**Source material:**
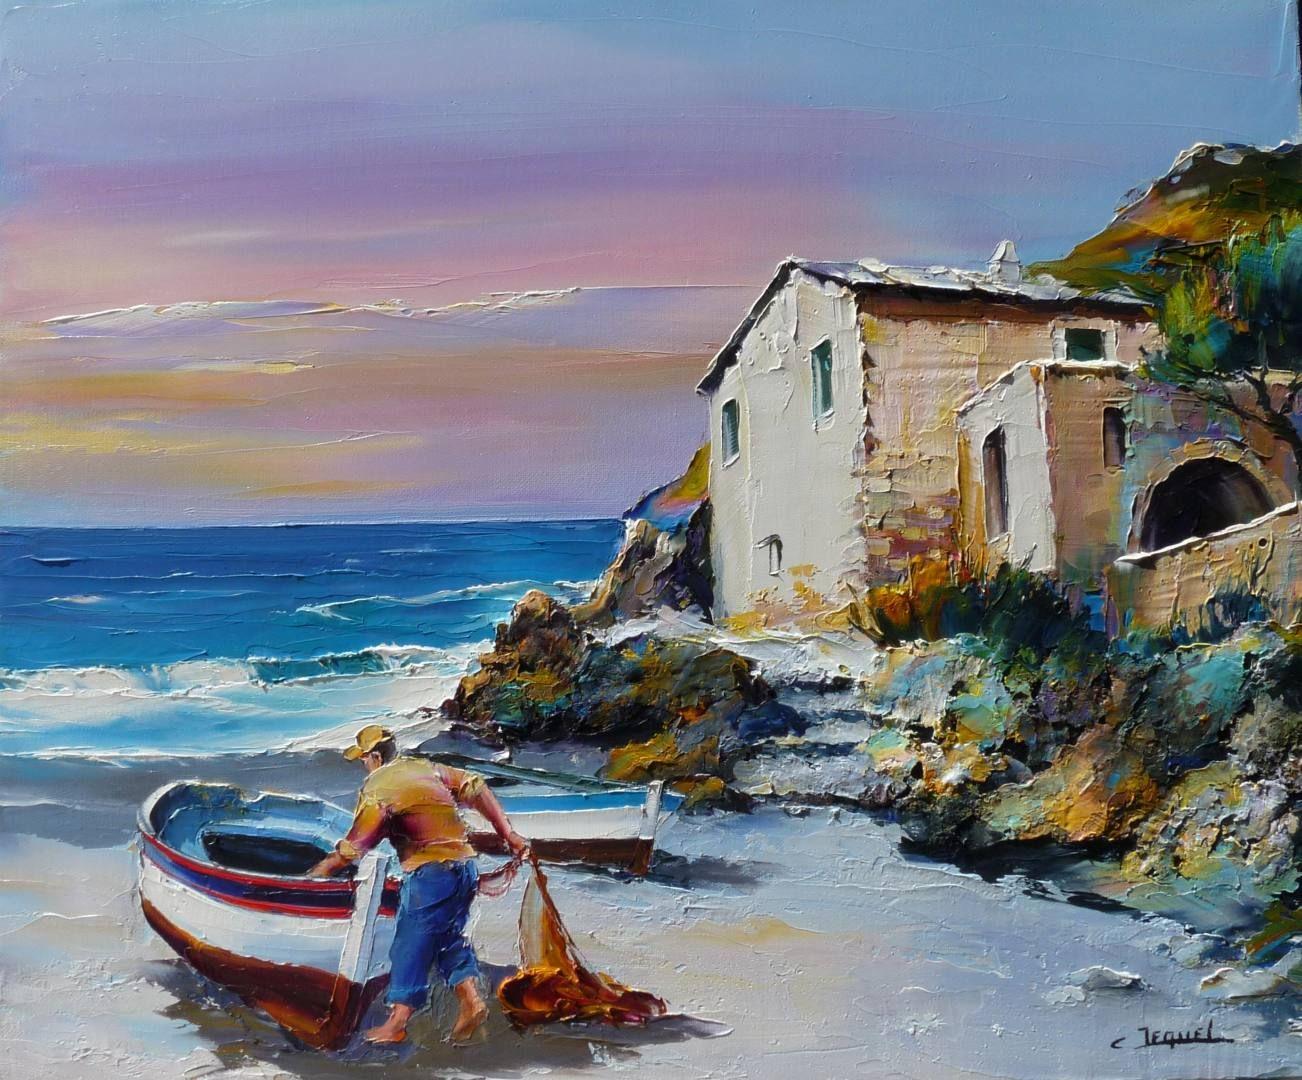 C Jequel Bord De Mer En Corse Fishermen At Sea Painting
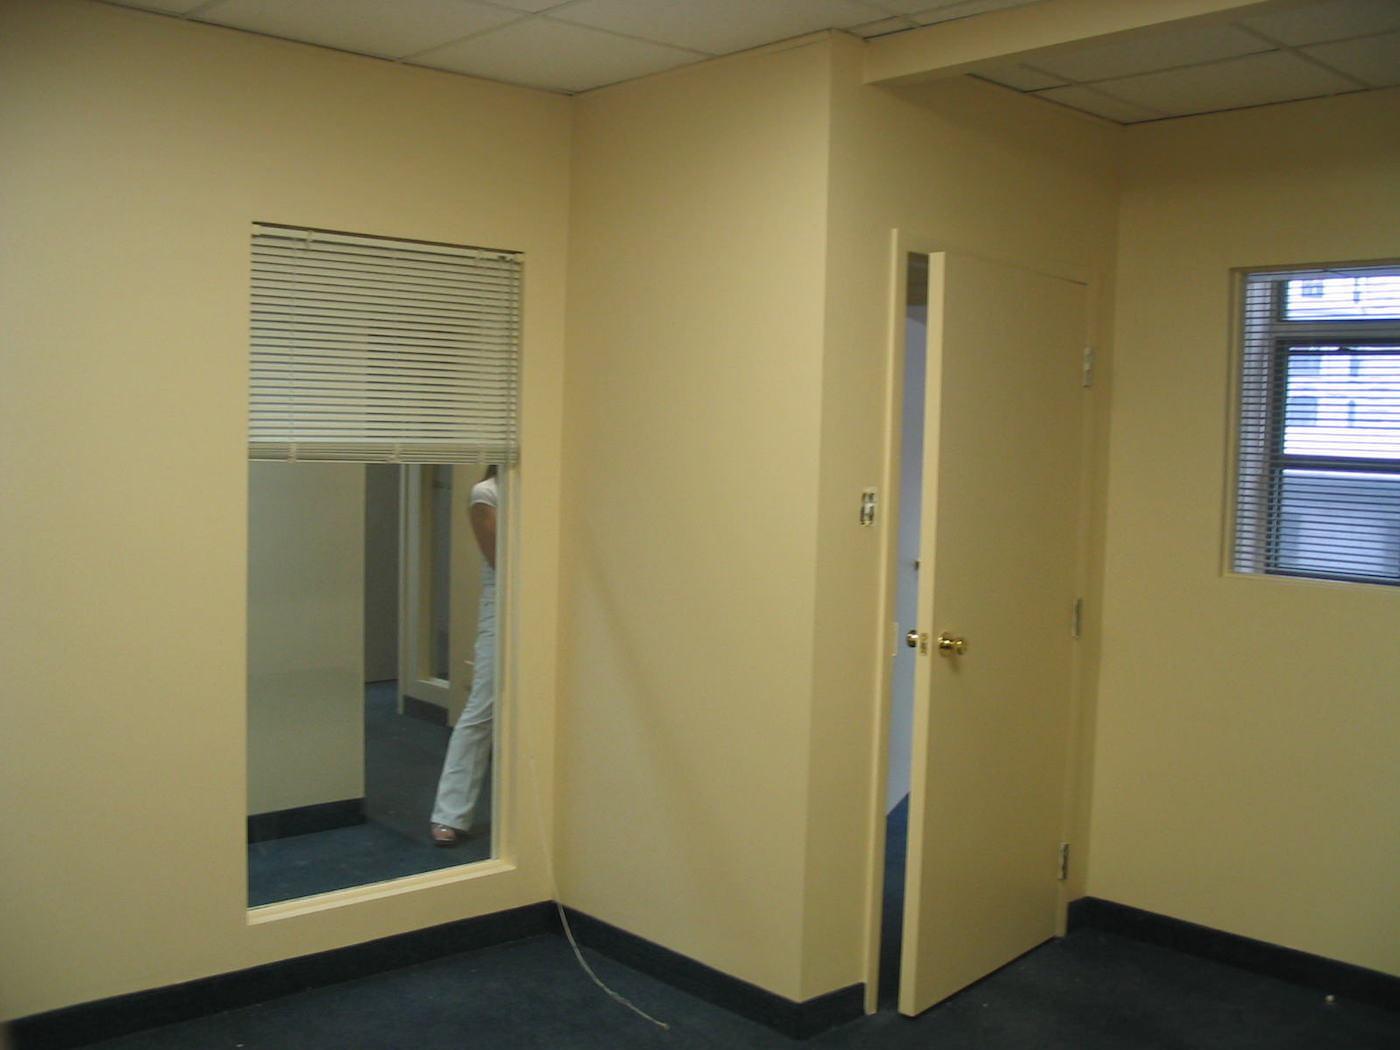 2003-09-19-Re-novations-Avant-Locaux-Studio-Vieux-Montre-al---03
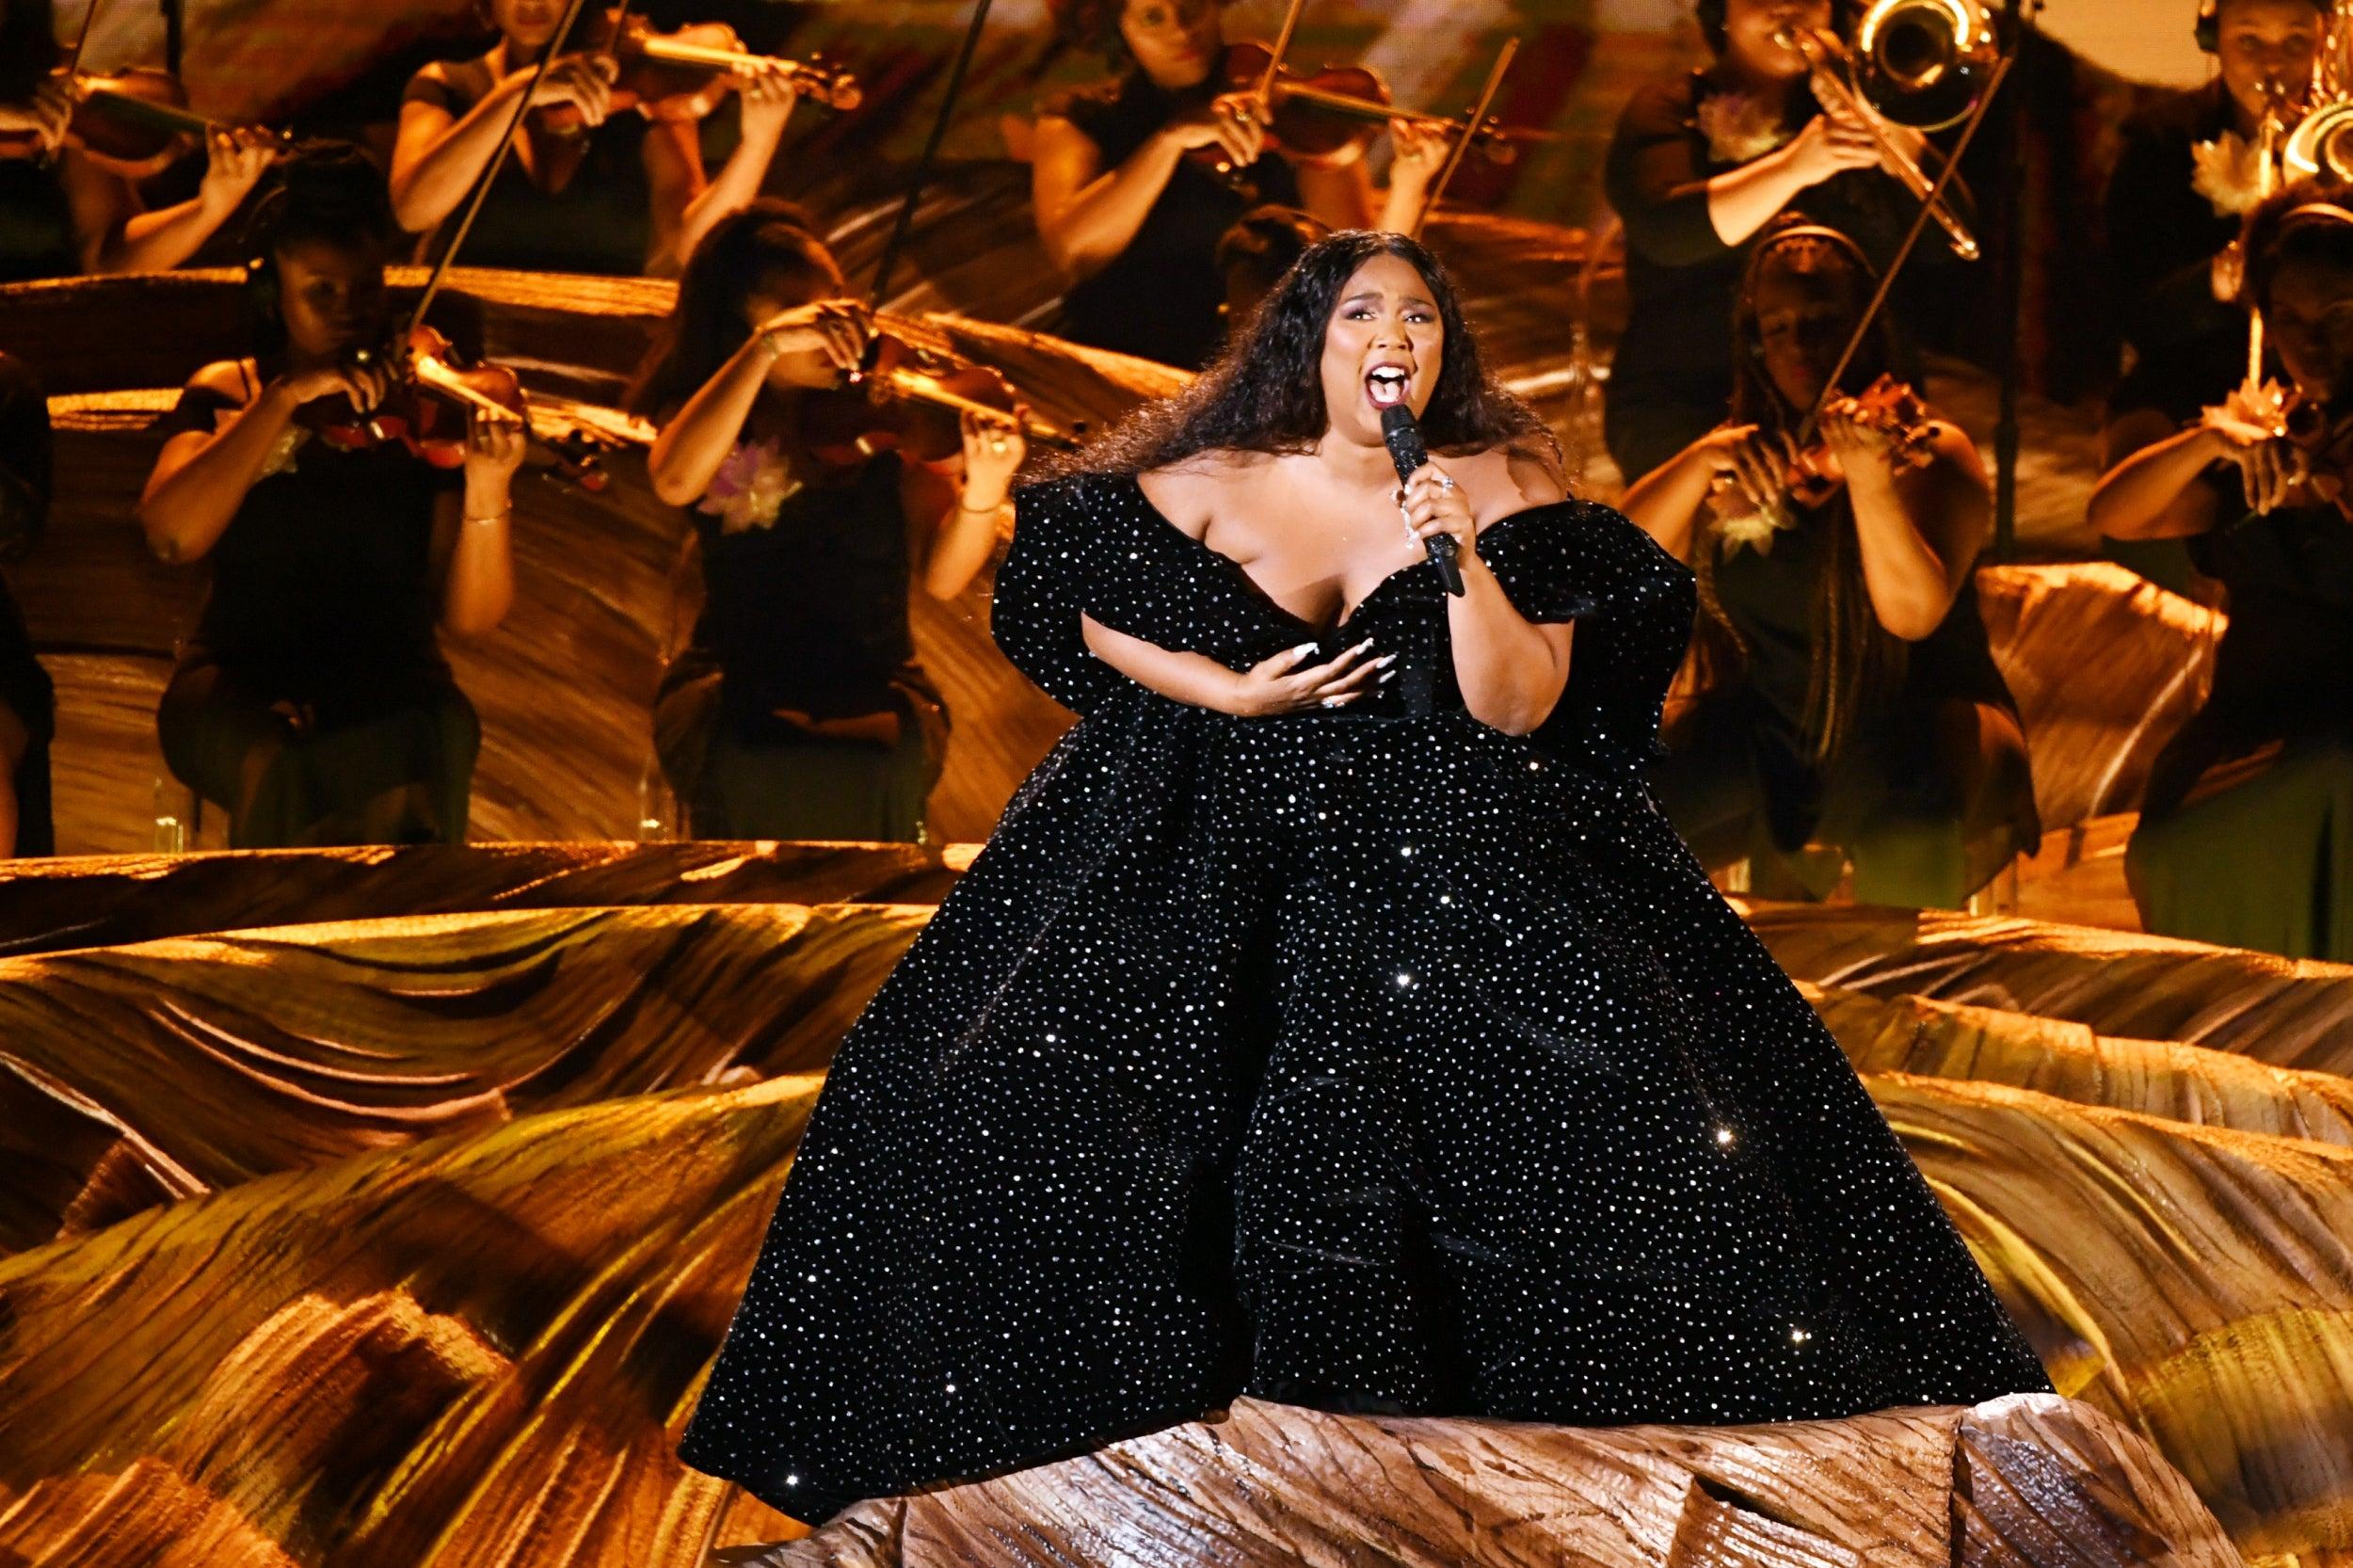 lizzo nhận giỉ thưởng lớn đầu tiên tại Grammy

**What is required:**
Quote the data exactly, leaving every image out of the copy.

**Exercise result:**
 C Jequel Bord De Mer En Corse Fishermen At Sea Painting
 2003-09-19-Re-novations-Avant-Locaux-Studio-Vieux-Montre-al---03
 lizzo nhận giỉ thưởng lớn đầu tiên tại Grammy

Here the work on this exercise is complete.